J*[x(k)]=min{L_{k}[x(k),u(k)]+ f_{k+1}[x(k),u(k)]} k=N-1, N-2,..,0 J[x(N), N]=0

In the formula, J*[x(k)] represents the state value reachable at the kth time: x(k) represents the initial time, until the optimal index value after the optimization is completed, x(k) should satisfy the following constraints:

0≤T_{em}(t) ≤T_{em_max}[ω_{em}(t)]

T_{ice_min}[ω_{ice}(t)]≤T_{ice}(t)≤T_{ice_max}[ω_{ice}(t)]

0≤ω_{em}(t)≤ω_{em_max}

ω_{ice_min}≤ω_{ice}≤ω_{ice_max}

SOC_{k_min}≤SOC_{k}≤ SOC_{k_max}

In the formula, T_{ice} (N·m) is the engine torque: T_{em} (N·m) is the motor torque; T _{ice_min} (N·m) represents the minimum torque of the engine: T_{ice_max} (N·m) is the maximum torque of the engine; T_{em_max} (N m) represents the maximum torque of the motor: ωice (rad/s) is the engine speed: ω_{ice_max} is the maximum engine speed: ω_{ice_min} is the minimum engine speed: ω_{em }(rad/s) is the motor speed: SOC_{k_min} is the kth stage Minimum value of SOC: SOC_{k_max} is the maximum value of the SOC in the kth stage. Among them, SOC_{k_min} and SOC_{k_max} are both functions of the initial SOC, and the control process needs to maintain the SOC of the kth stage within a specific range [SOC_{k_min}, SOC_{k_max}].

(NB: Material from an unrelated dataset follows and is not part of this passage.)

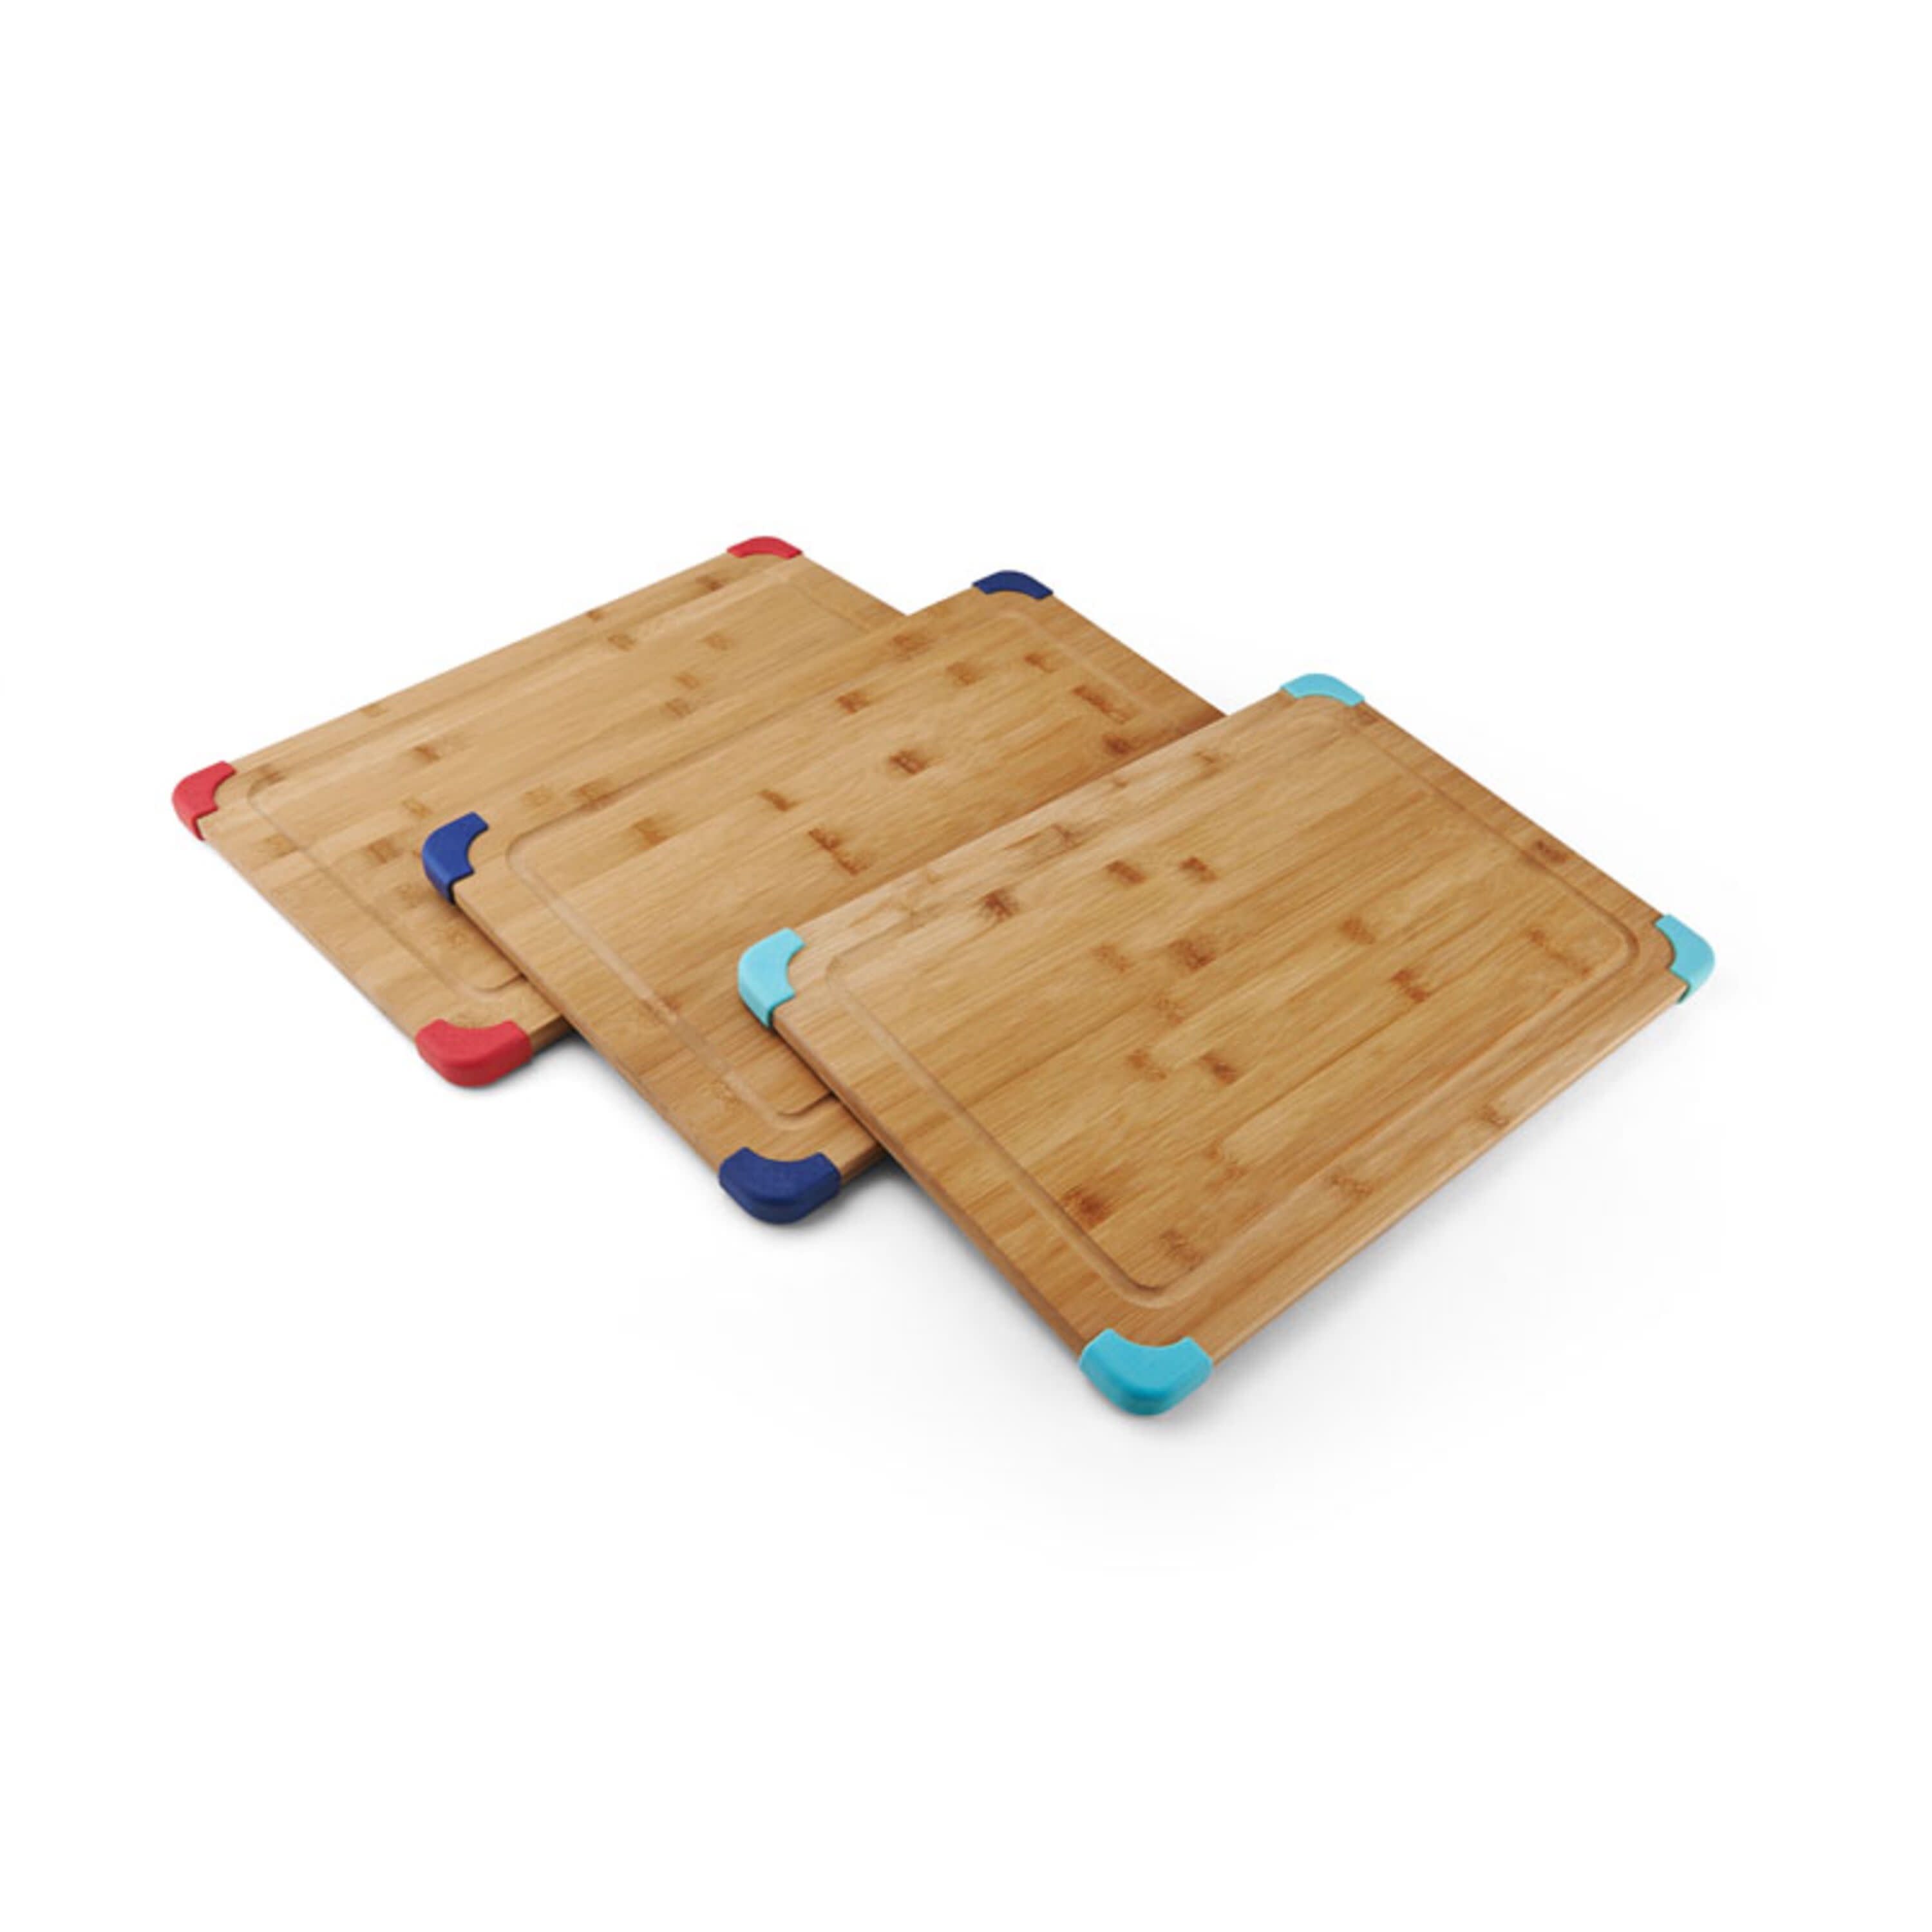 12″ x 18″ x 1/2″ Rectangular Beige Synthetic Rubber Cutting Board

Some scholars have applied the dynamic programming global optimization algorithm to conduct a global optimization study on the energy management strategy of parallel plug-in hybrid electric vehicles under different driving distances. The research results show that different driving mileage has a great impact on the fuel economy of plug-in hybrid electric vehicles. When the driving mileage of the vehicle is less than 55km, an energy management strategy based on electric motors should be used. use an engine-based energy management strategy).

There is also an energy management control strategy based on historical traffic information, which uses a dynamic programming algorithm to strengthen the power control in the power consumption mode, and reduces the battery SOC to a specific value at the end of the vehicle operating condition. It is compared with the traditional CD-CS mode energy management strategy, and the results show that the fuel economy of plug-in hybrid electric vehicles can be significantly improved.